§ **Data section**:
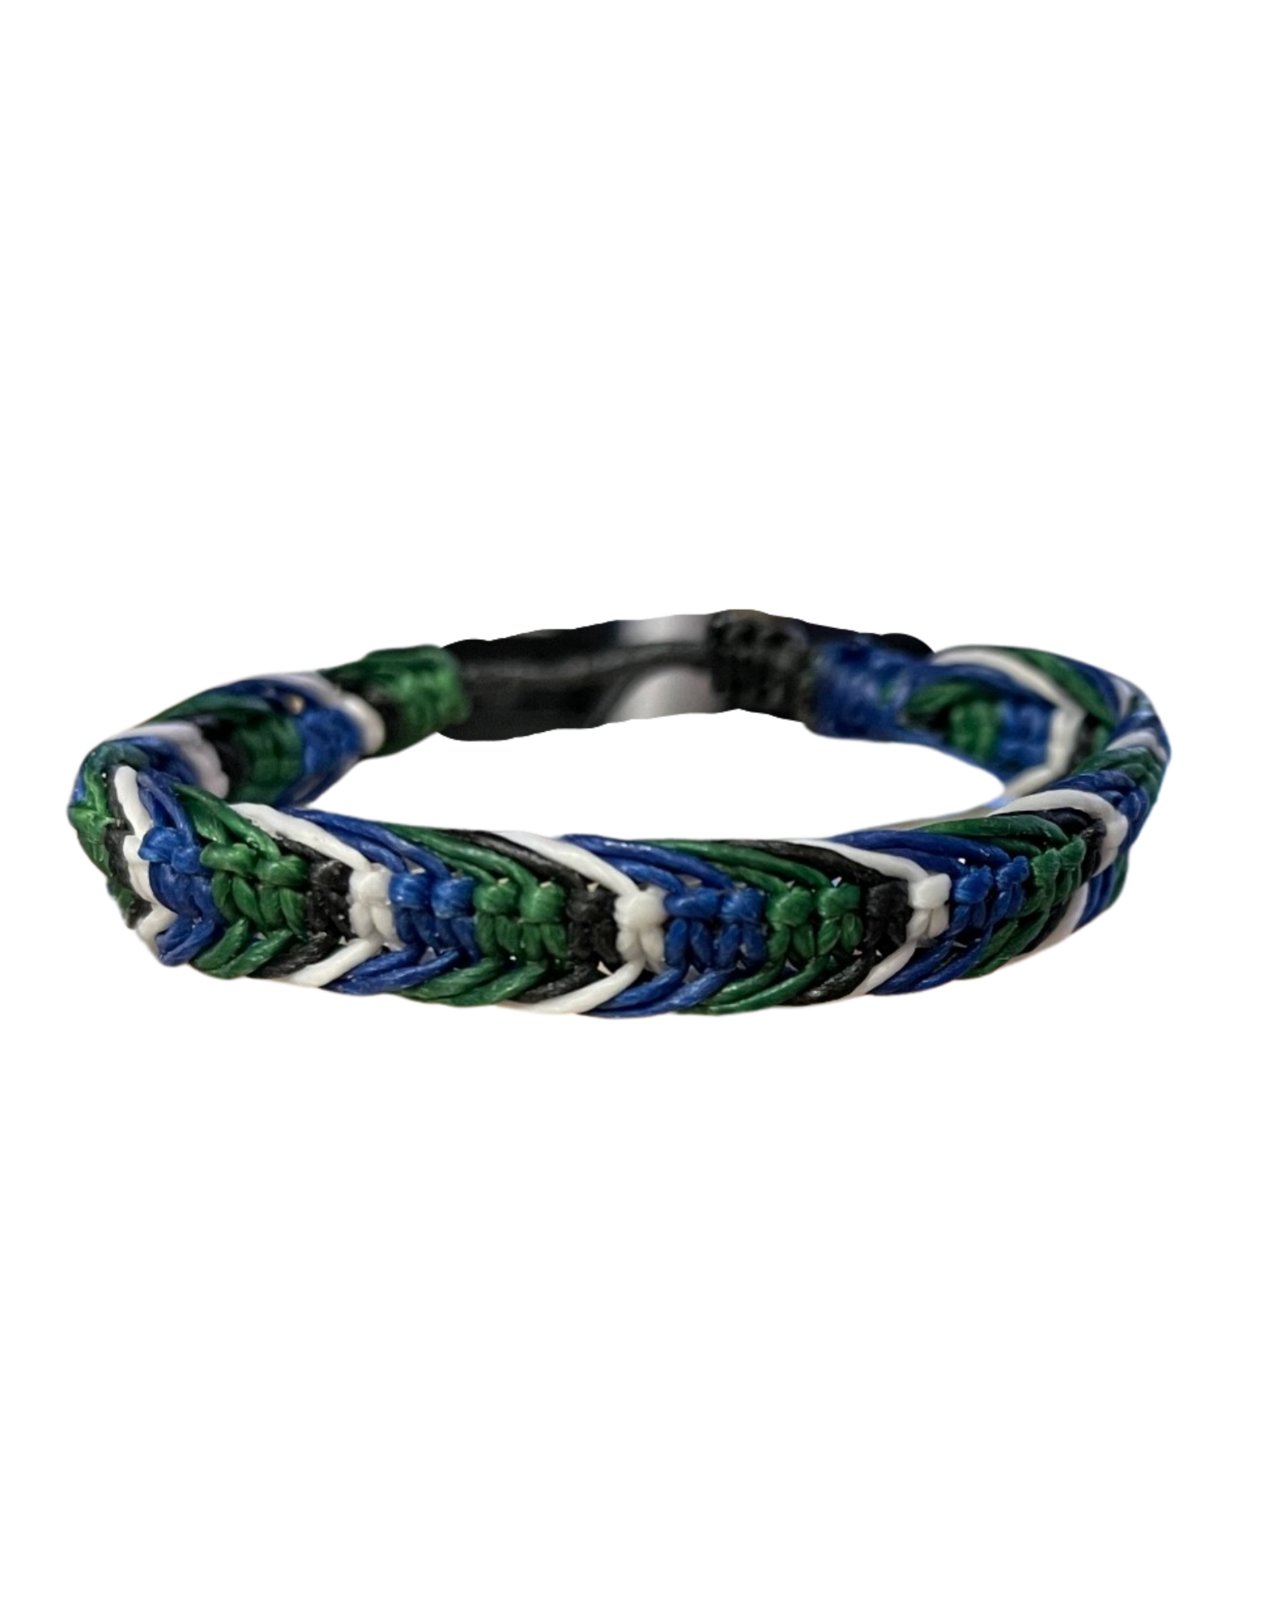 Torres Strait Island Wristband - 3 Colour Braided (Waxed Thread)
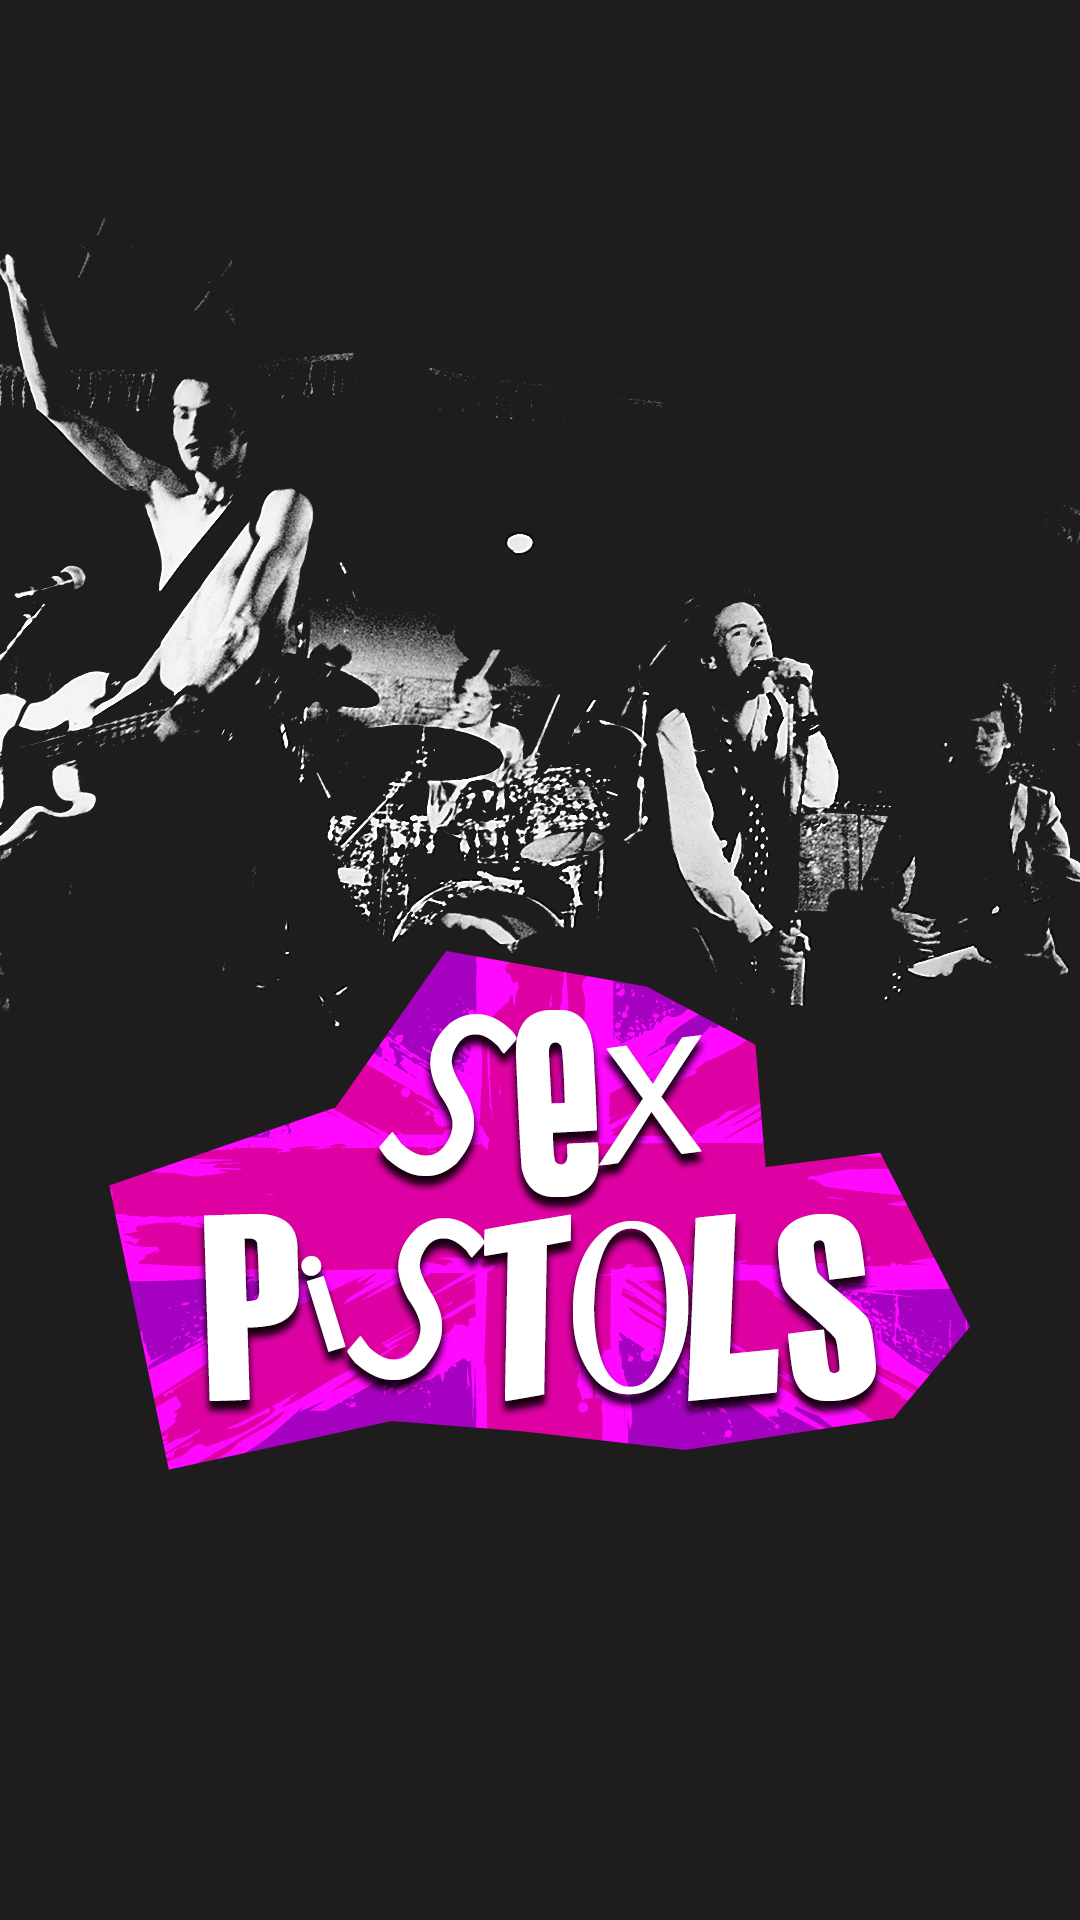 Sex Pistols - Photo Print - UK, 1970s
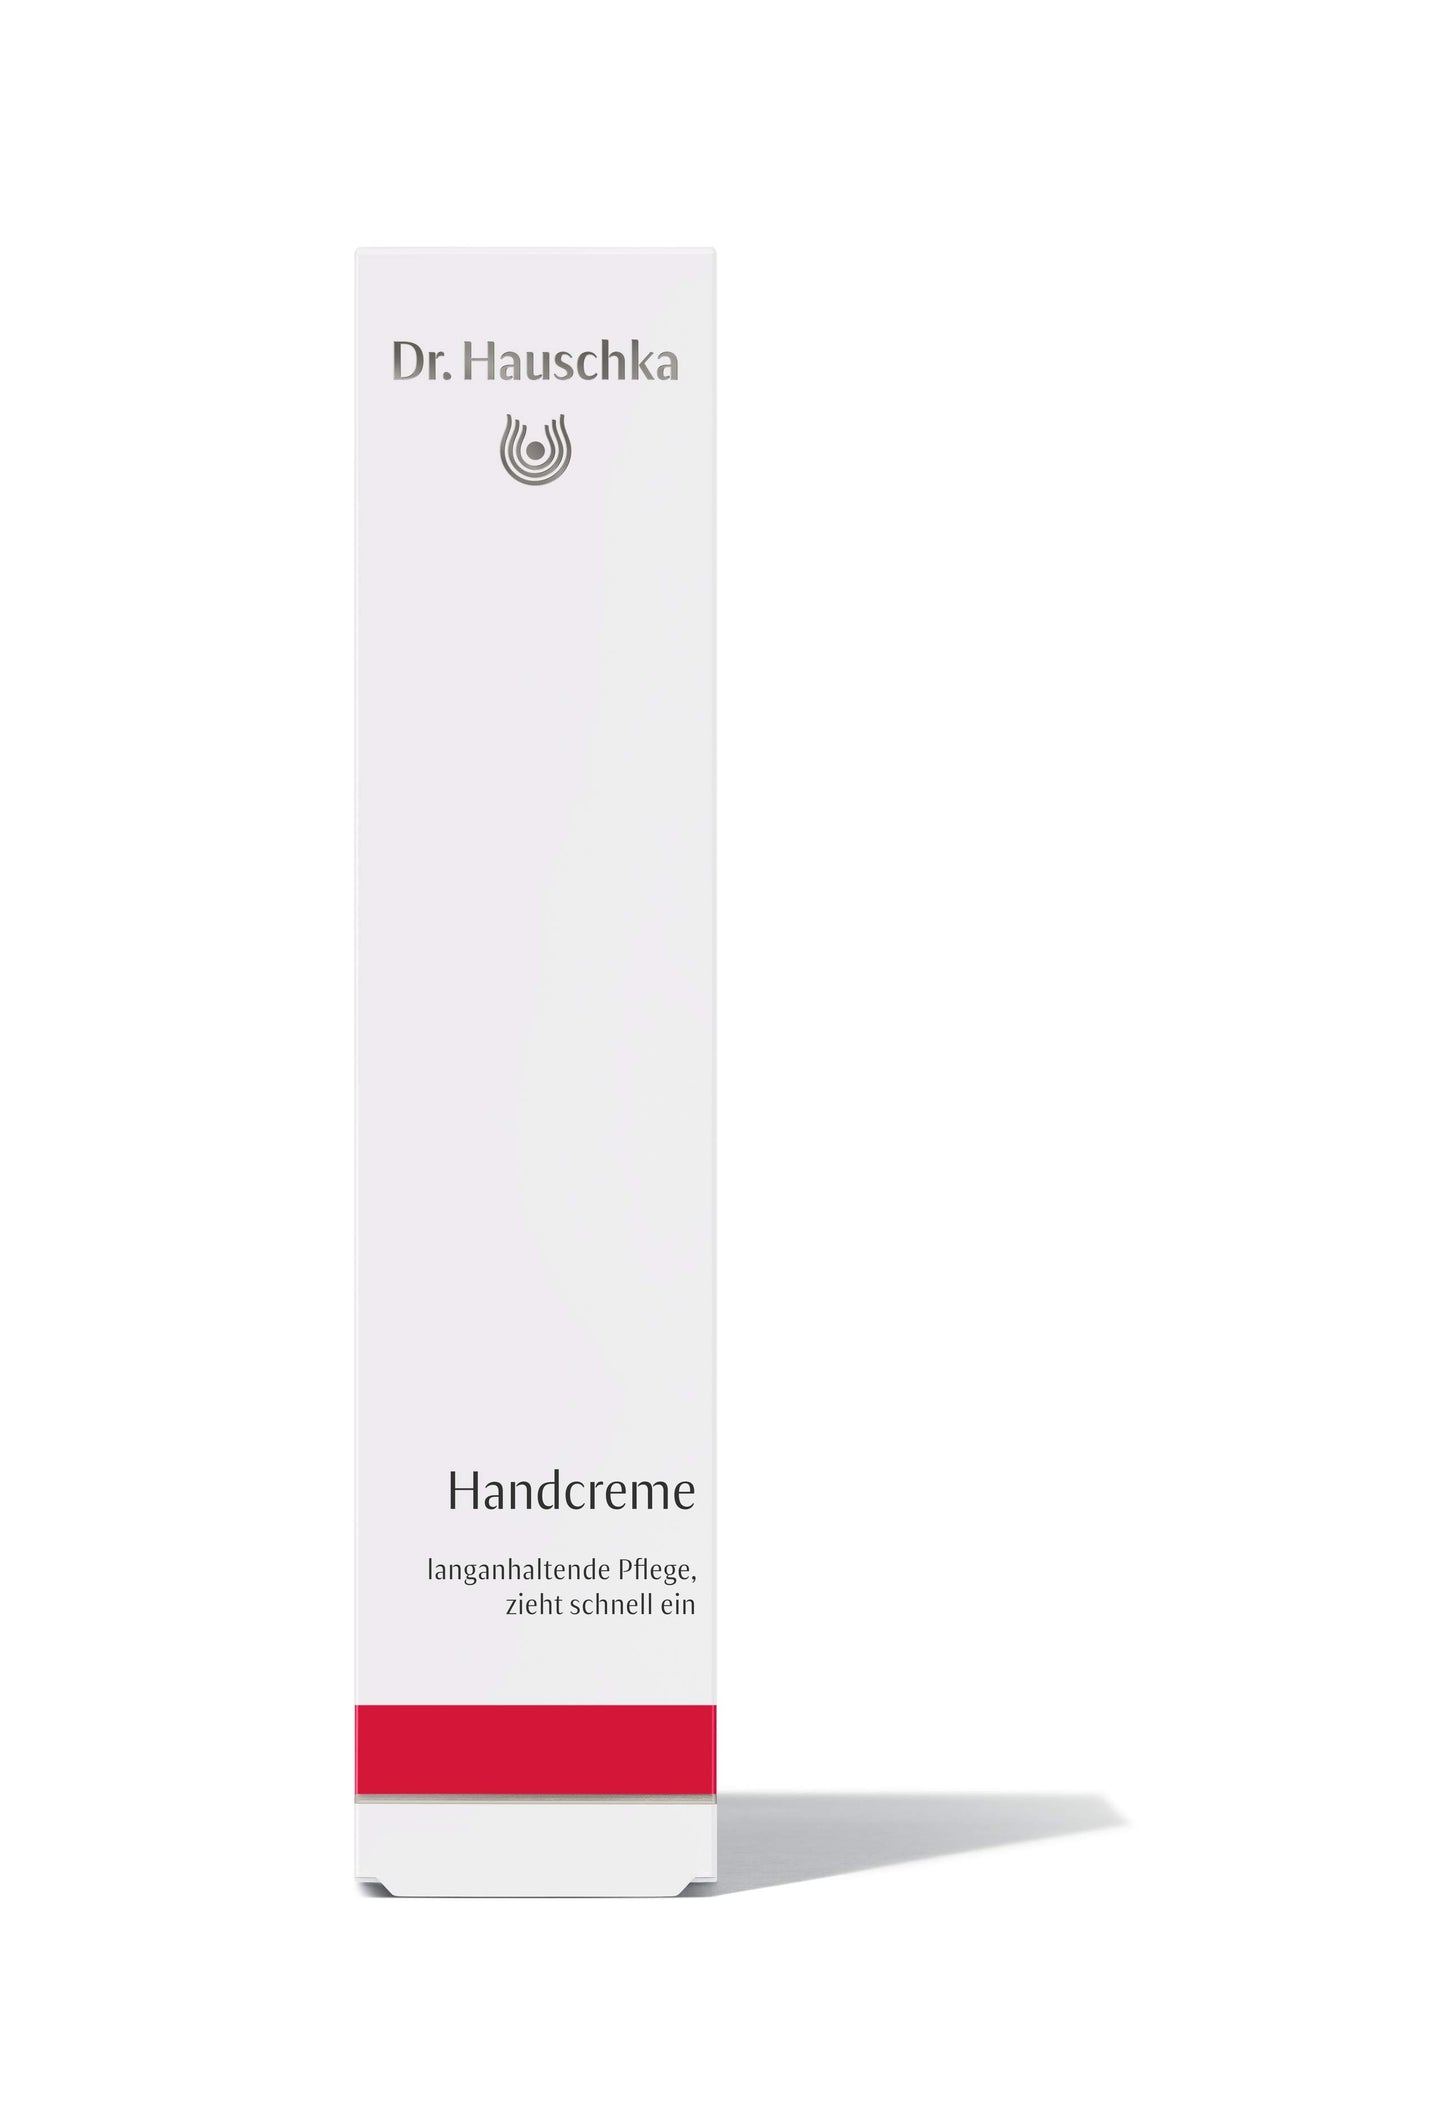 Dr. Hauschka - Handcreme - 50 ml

§ **What is expected**: Return every line above exactly, omitting images.

§ **Answer space**:
 Torres Strait Island Wristband - 3 Colour Braided (Waxed Thread)
 Sex Pistols - Photo Print - UK, 1970s
 Dr. Hauschka - Handcreme - 50 ml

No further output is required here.